### DATA SEGMENT
<<<<

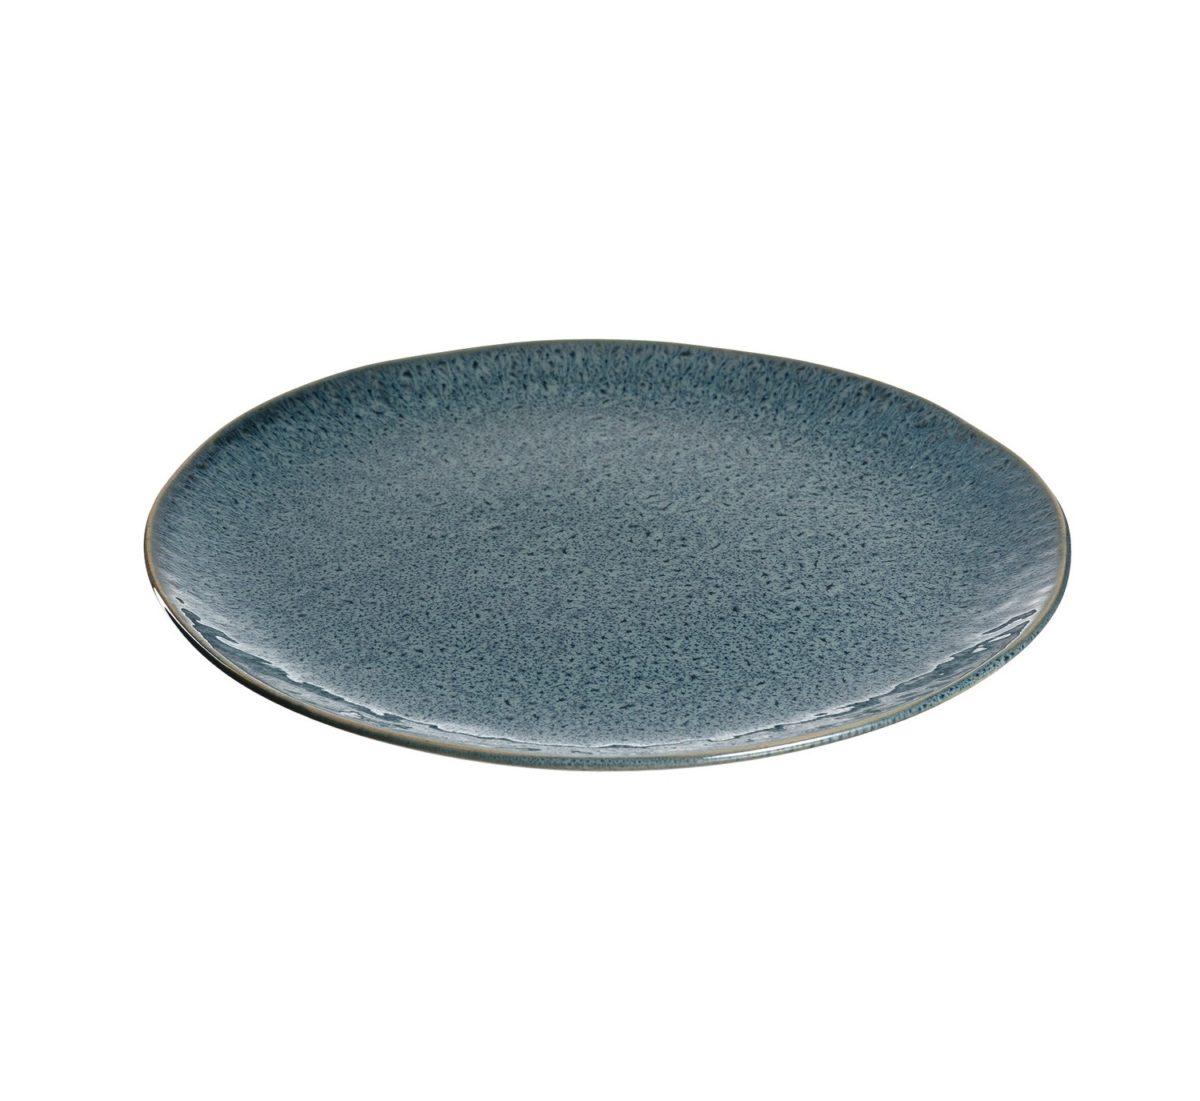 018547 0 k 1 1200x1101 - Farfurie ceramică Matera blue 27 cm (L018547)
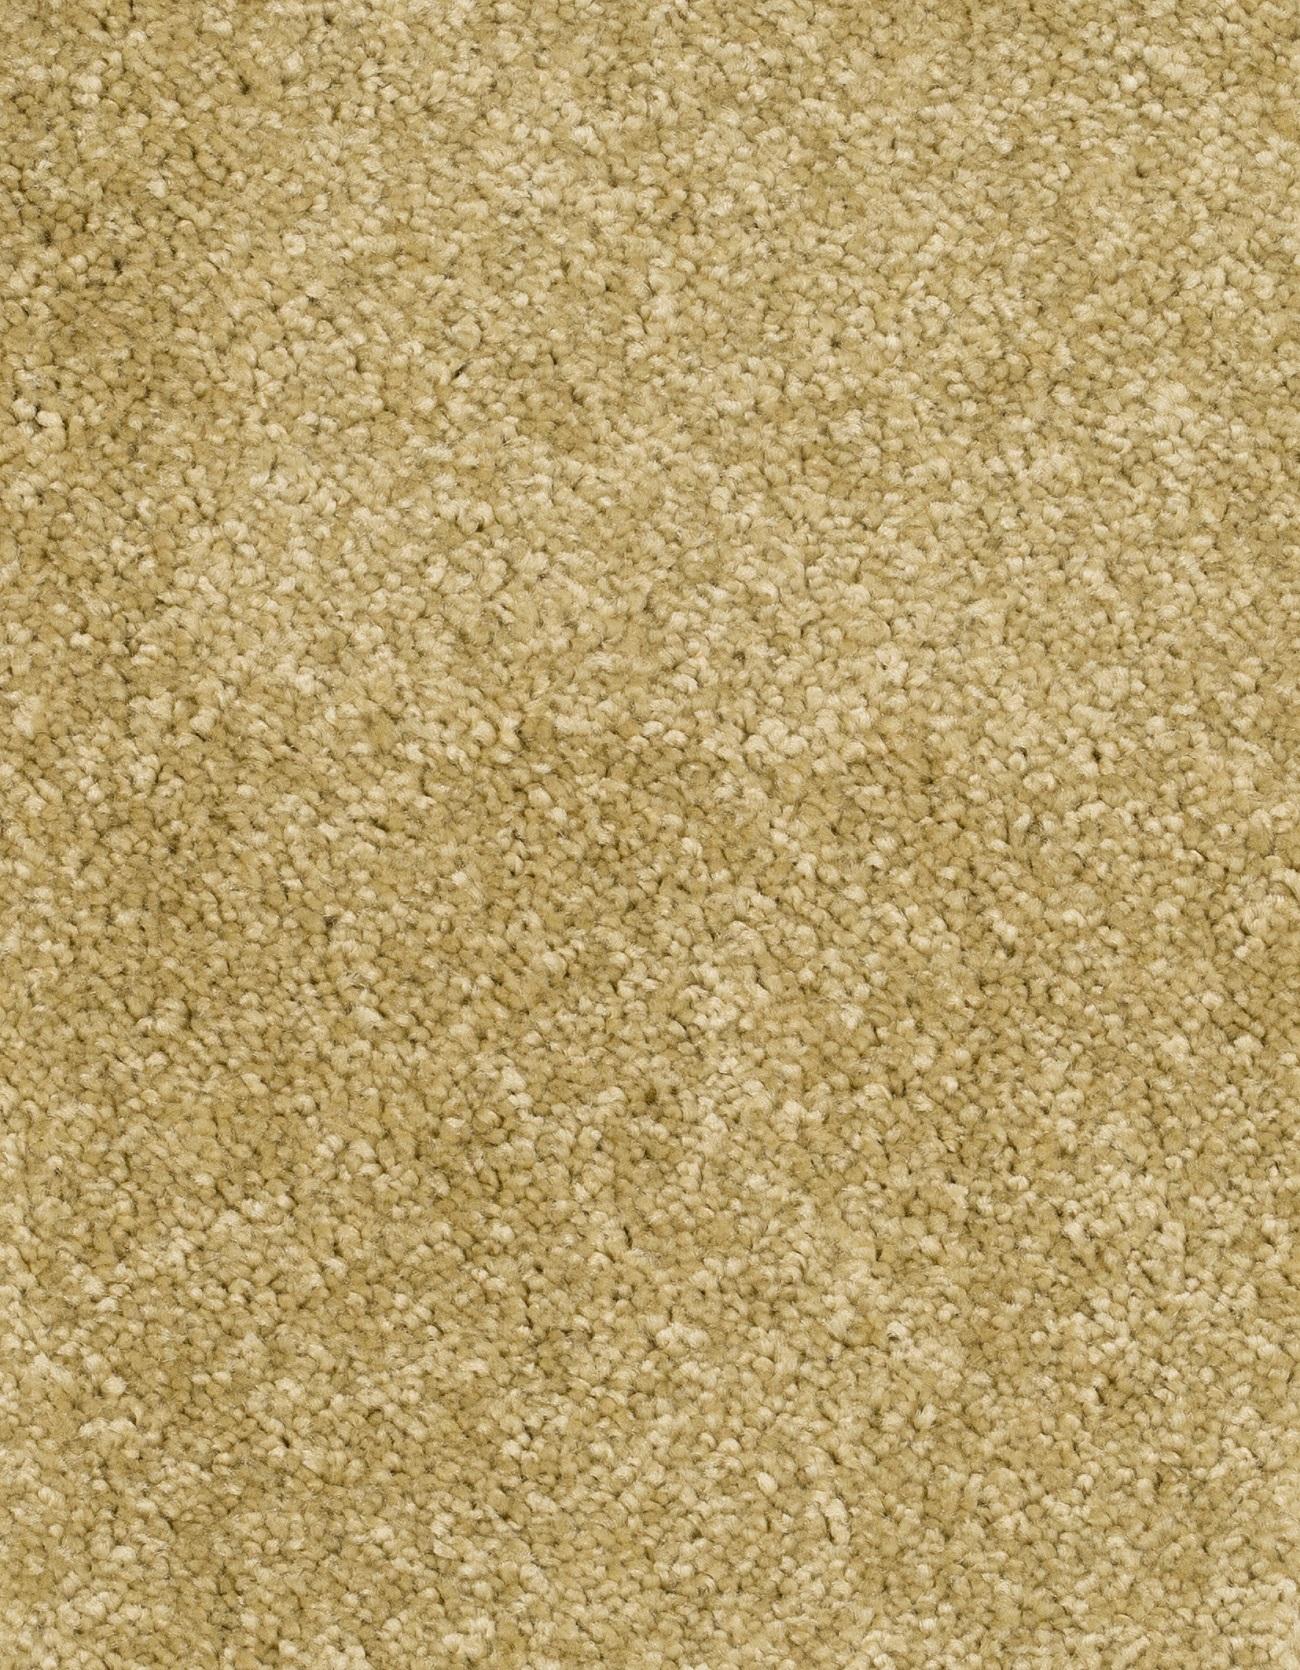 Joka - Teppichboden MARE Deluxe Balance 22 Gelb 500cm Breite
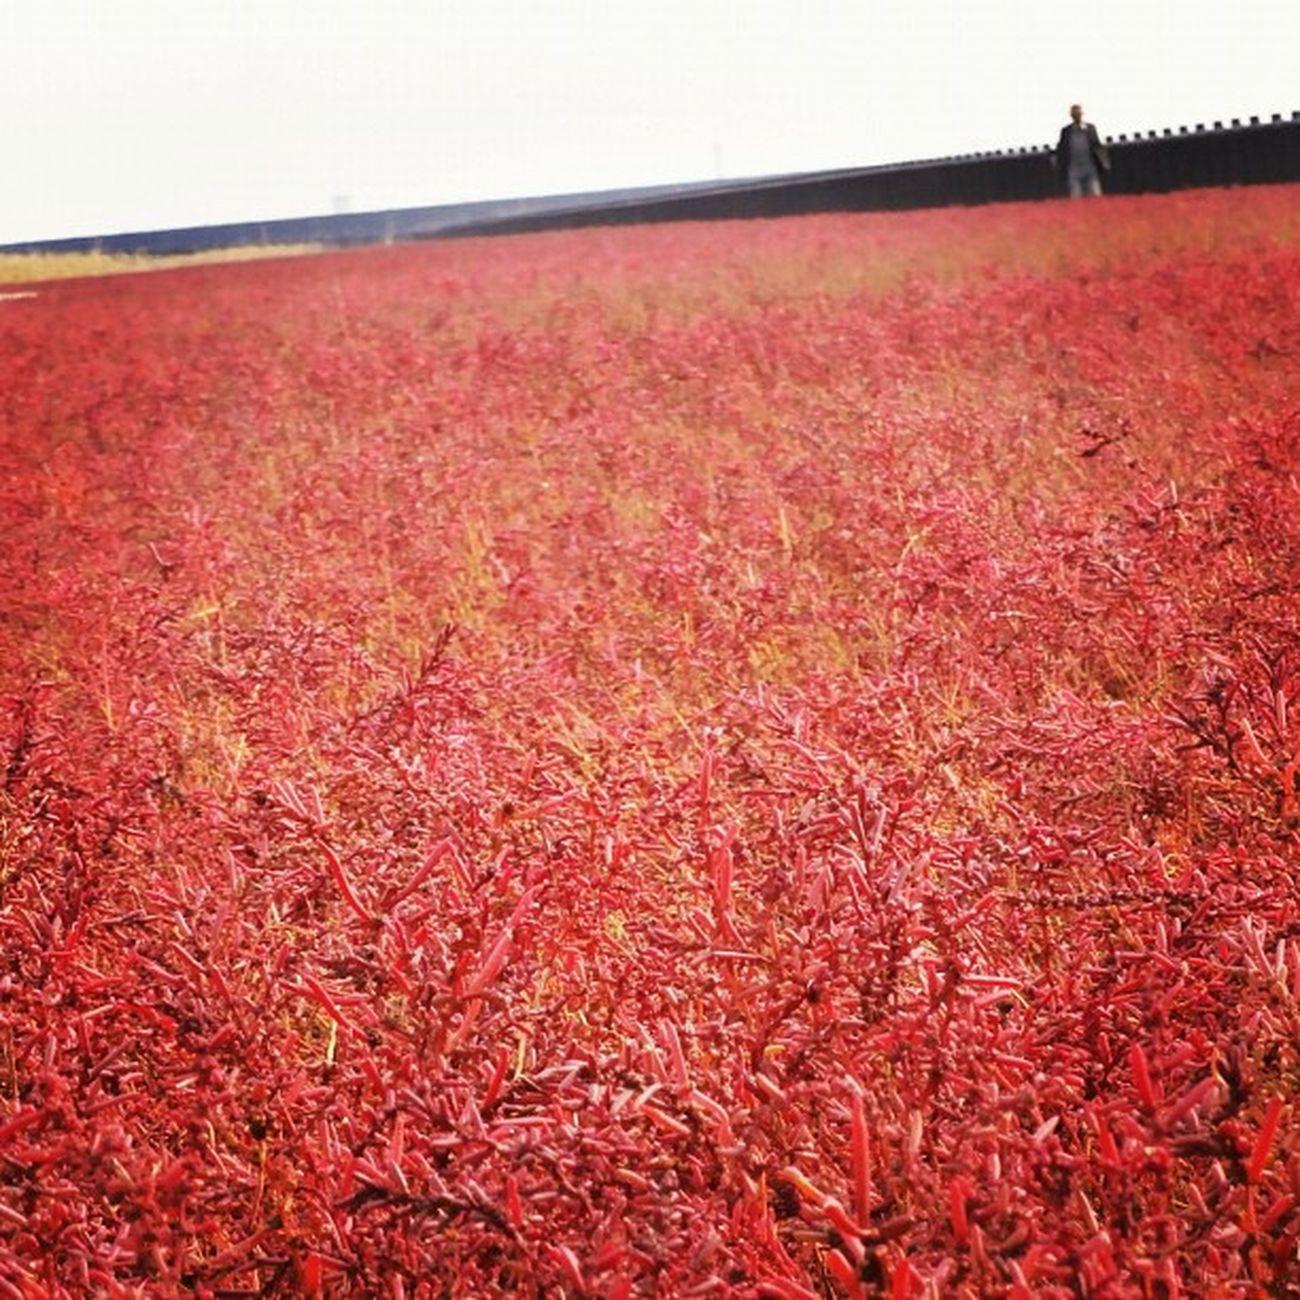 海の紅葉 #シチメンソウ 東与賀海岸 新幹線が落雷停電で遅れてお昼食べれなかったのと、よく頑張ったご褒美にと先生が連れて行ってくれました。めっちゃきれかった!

>>>>

Return nothing except the lines from the one containing "Joka - Teppichboden" through the final line of the data, copied exactly. Leave out all pictures.

 Joka - Teppichboden MARE Deluxe Balance 22 Gelb 500cm Breite
 海の紅葉 #シチメンソウ 東与賀海岸 新幹線が落雷停電で遅れてお昼食べれなかったのと、よく頑張ったご褒美にと先生が連れて行ってくれました。めっちゃきれかった!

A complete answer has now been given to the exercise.